The "Treading Water" chapter circles the question: how do you tell, from inside, whether your value shift from shallow to deep ambition is wisdom or cope? Adaptive preferences is the technical vocabulary for that exact problem. The three papers converge on a practical answer with four moves the book can use:

  1. Of course your preferences changed. Mitchell: preferences are contextually anchored; adaptation is universal. The mere fact that your wants have shifted after a setback is not evidence of anything.
  2. The diagnostic question is whether your reasons restructured too. Bovens: if the ranking of what kinds of considerations matter (relational depth vs. status, craft vs. prestige, presence vs. acceleration) has actually shifted, you're in CP territory. If only the ranking of alternatives flipped while the underlying reason-weights stayed the same, you're in SG territory. Self-interrogation has a specific form: not "do I really want this?" but "what reason-pairs do I take to be relevant here, and has their relative weight shifted, or am I holding them constant and just flipping the ranking?"
  3. The operational test is behavioral. Baber: if the old opportunity re-appeared tomorrow, would you jump at it? If yes, your preferences are still thwarted — you've just stopped letting yourself feel the frustration. If no, and you can watch a peer win the old game with curiosity rather than the flash, the shift was real.
  4. Timing is diagnostic. Bovens: genuine reason-restructuring takes time. A sudden post-failure flip is structurally suspicious. A slow drift over years, with many small reorderings, is structurally trustworthy. This aligns with Pals's (see narrative-identity) two-step redemption requirement — you have to sit with the loss long enough for the new reasons to actually restructure, not paper over the old ones.

Together, the four papers give Deep Ambition the deepest available philosophical answer to the cope accusation. Callard supplies the forward-looking phenomenology (proleptic reasons; acting-as-if is how you acquire values you don't yet hold); Bovens supplies the backward-looking rationality criterion (did your reasons actually restructure?); Baber supplies the operational test (would you jump?); Mitchell supplies the default stance (the burden is on the skeptic). Callard also supplies the book's sharpest one-line reframe: "Ambition is marked precisely by value-stasis. The ambitious person, qua ambitious, is engaged in getting what he wants, as opposed to learning what he wants." In her vocabulary, the reader racing up the default scoreboard is the less aspirational one; the reader in the Treading Water gap is actively learning values, which is the higher form of rational agency.

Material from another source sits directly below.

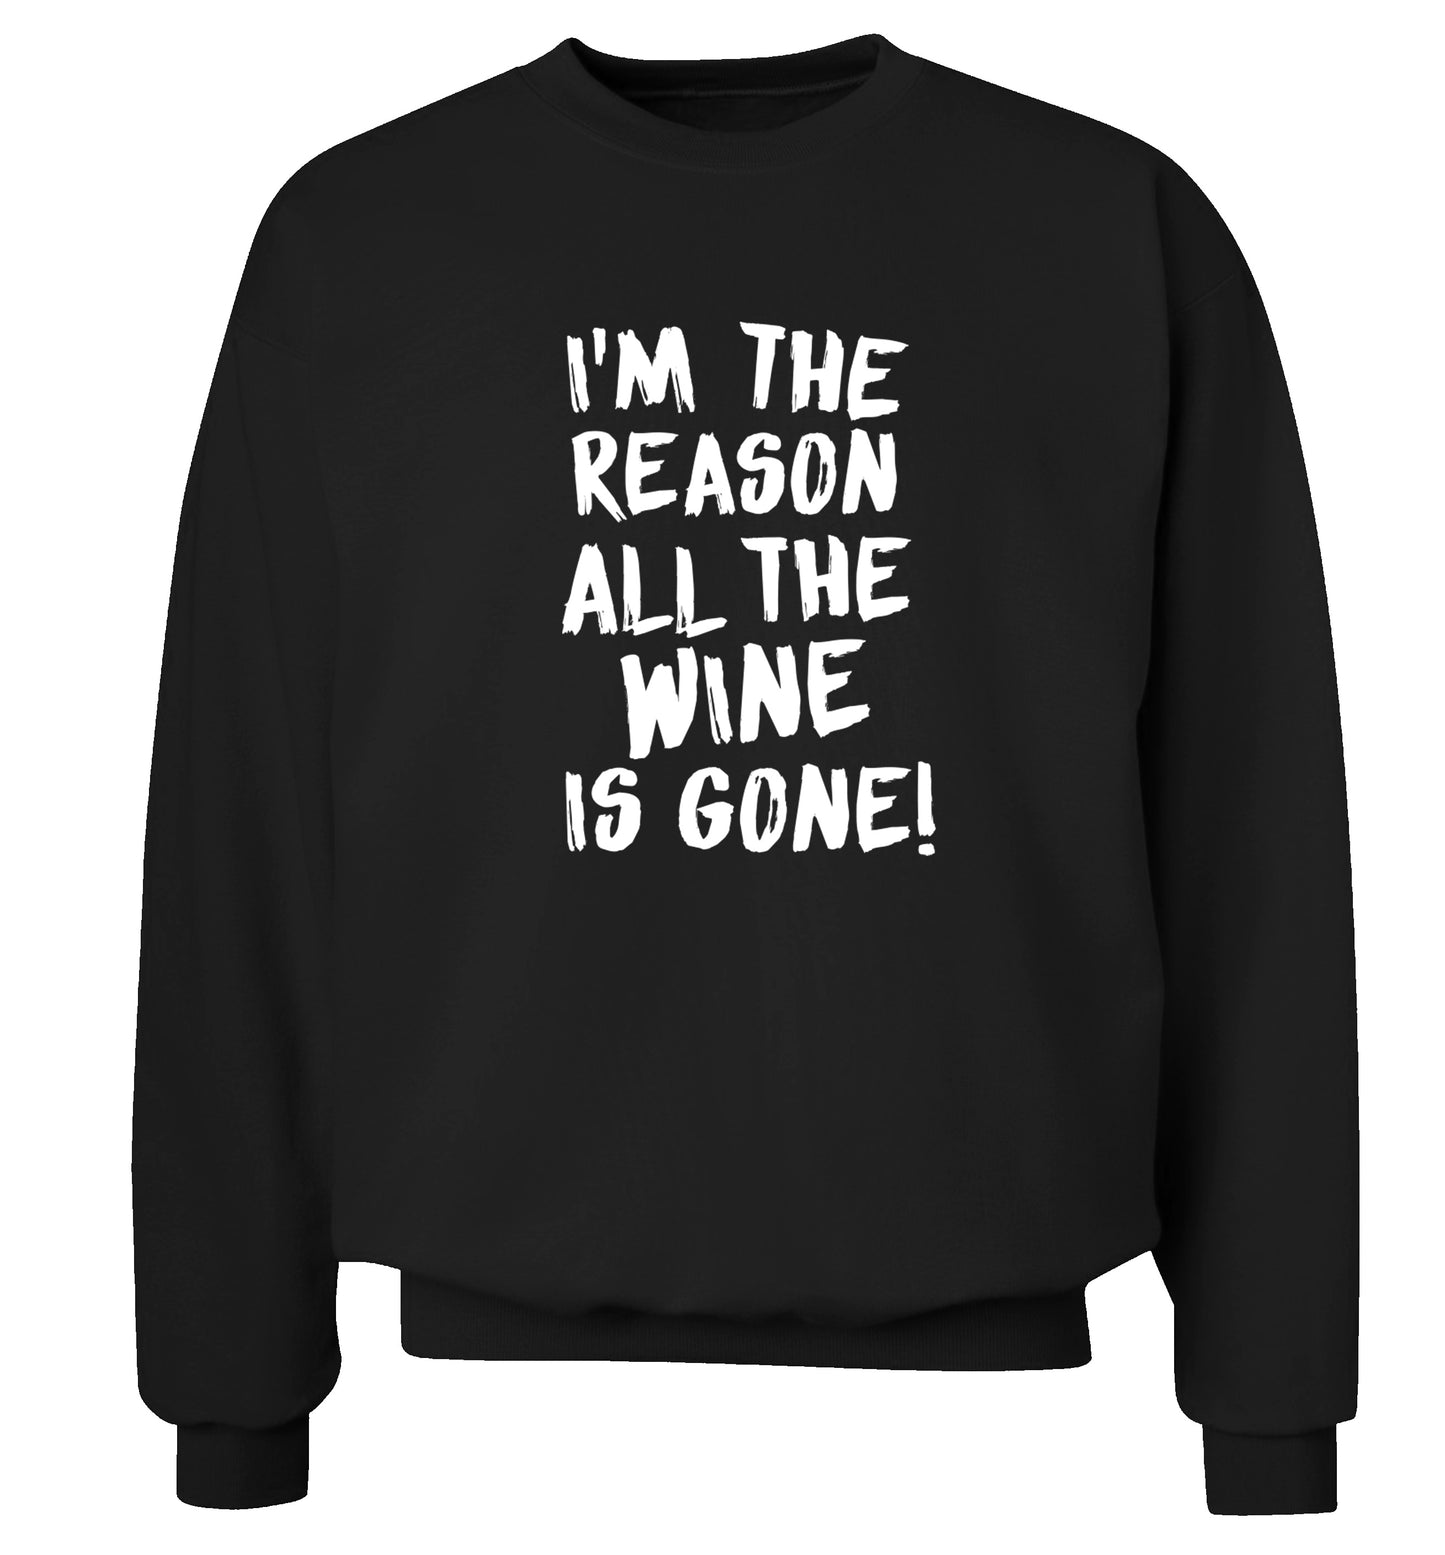 I'm the reason all the wine is gone Adult's unisex black Sweater 2XL

Operational Synthesis (for the book)

If the book wants a single diagnostic protocol for the "Treading Water" reader, the four papers together yield:

  1. Accept that preferences changed. This is universal and not diagnostic on its own (Mitchell).
  2. Check the reason-weights (Bovens). Has your ranking of what kinds of considerations matter actually restructured? Not just "do I say I value family over status now?" — but: when you face a specific decision, which considerations pull hardest, and is that different from two years ago?
  3. Check behavioral dispositions (Baber). If the old opportunity arrived tomorrow, would you take it? If yes, treat the new preferences with suspicion. If you'd decline without ambivalence, treat them as real.
  4. Check timing and structure (Bovens, Callard). Has this been a long reorientation with many small reorderings, or a sudden flip after a specific loss? Slow drift is more trustworthy than sudden flip. "Nothing can move in a moment."
  5. Default to believing the person whose life changed (Mitchell/Barnes). The burden of proof is on the skeptic — including the self-skeptic. Absent a specific showing of distorting mechanism, the revised preferences stand.
  6. Reframe the aspirational stance as rational, not self-deceptive (Callard). The reader doesn't have to resolve the "is this cope?" question before acting. Acting under proleptic reasons — reasons you acknowledge you don't yet fully hold — is how values are acquired. The appearance of acting-without-full-understanding is structurally identical to genuine aspiration from inside, and Callard's contribution is to show that this is not a bug but the defining feature of value-learning.